FIG. 4 shows a front elevation view of a plurality of gel cushion cylinders (100) linked into groups by a plurality of link bars (200), with each end terminating with a worm gear (301). Because of the differing shapes and/or orientations of the cams in each gel cushion cylinder (100) at any given point in time, the present embodiment has some gel cushion cylinders (100) in a lowered position (400), while others are in a raised position (402). (Other embodiments might or might not have this feature.) As worm gear (301) rotates, different gel cushion cylinders (100) proceed through a cycle of lowering and raising driven by their respective cams, thereby relieving pressure on the user of the seat at points corresponding to the gel cushion cylinders (100) in the lowered position (400).

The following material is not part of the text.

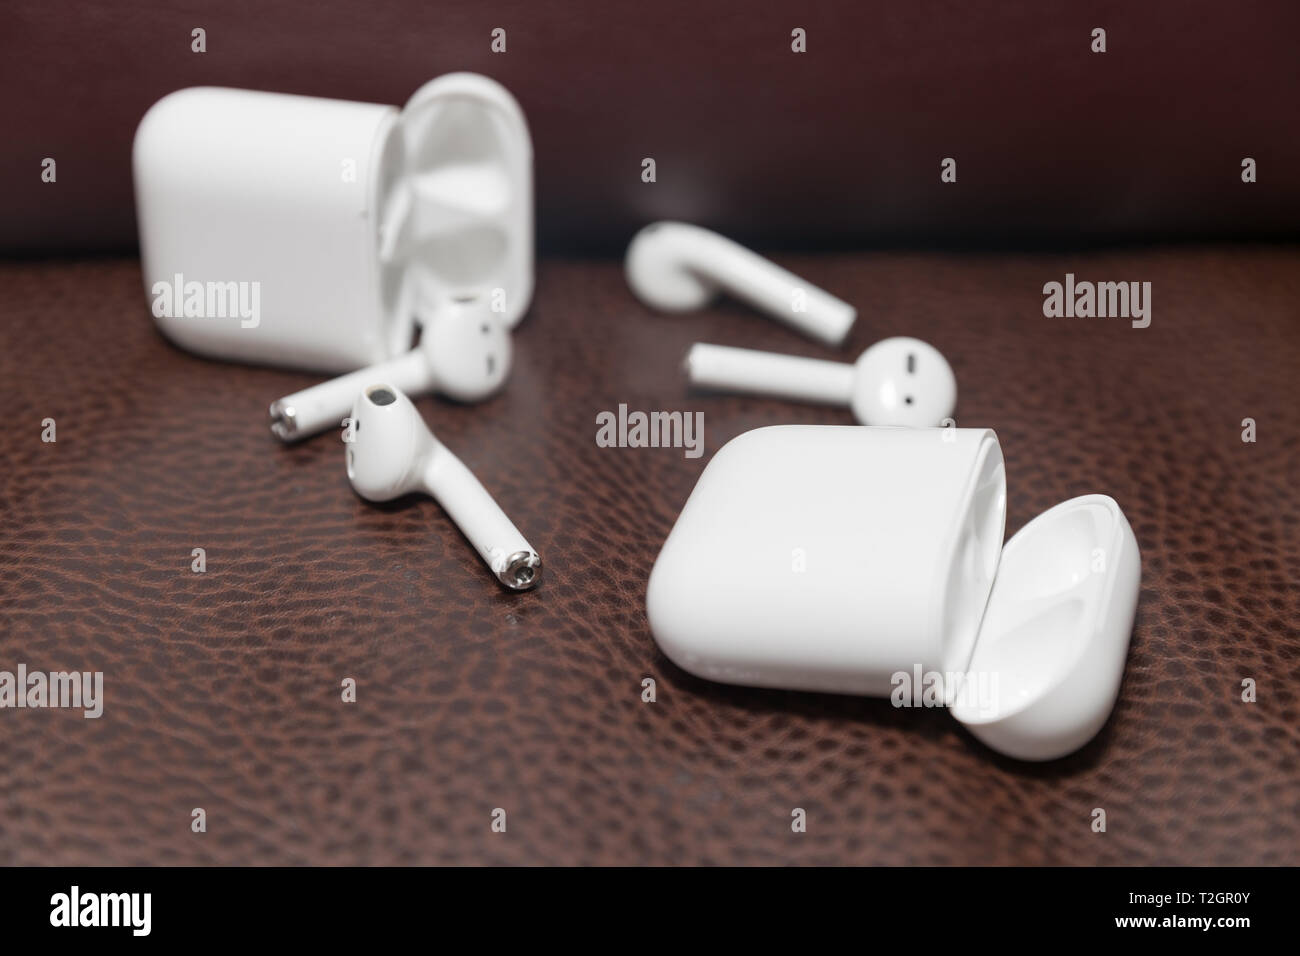 Lawrence County New Jersey, 11. März 2019: Apple AirPods drahtlose  Bluetooth® Kopfhörer und Ladegerät für Apple iPhone. Neue Apple Earpods  Airpods Stockfotografie - Alamy

FIG. 5 shows a front elevation view of an exemplary chair (500) with an exemplary seating surface (508) installed between a first armrest (502) and a second armrest (504). Gel cushion cylinders (100) that are in a raised position are at a similar elevation level as the seating surface, while gel cushion cylinders (100) that are in a lowered position sit below the overall level of the seating surface. FIG. 6 shows a top plan view of the exemplary chair (500) with a plurality of gel cushion cylinders (100) arranged in an array to form a seating surface.

In one embodiment of the exemplary seating surface (508) of FIG. 5, a cover is installed over the gel cushion cylinders (100). The cover provides a protective layer between the mechanism and an occupant, hiding the mechanism and protecting it from dirt and other objects, and also provides a more aesthetically pleasing exterior design. In another embodiment of the exemplary seating surface (508), a friction reduction layer is installed over the gel cushion cylinders (100). A friction reduction layer made of a material with a low coefficient of friction such as parachute fabric or a silicone-coated fabric reduces the heat and sound generated by the gel cushion cylinders (100) as they ascend and descend within the exemplary seating surface (908).

In some embodiments, the worm gears (301) and worm screws (300) will be operable by a controller (not shown) such that an occupant can turn the system off or on and increase or decrease speed. This controller could have additional functions depending on a particular chair, such as activating heat elements or activating a chair lift. In some embodiments, the controller manages a motor (not shown) to vary the portion of the cycle of movement through which gel cushion cylinders (100) move each time, the speed with which they move, the amount of time between movements (or, substantially equivalently, the total cycle time), or some combination thereof. The exemplary seating surface (508) shown in FIG. 5 could in some embodiments be a modular seat cover rather than a permanently integrated seating surface. A modular seat cover could be easily removed for cleaning and maintenance, and it could also be installed atop a variety of seating surfaces.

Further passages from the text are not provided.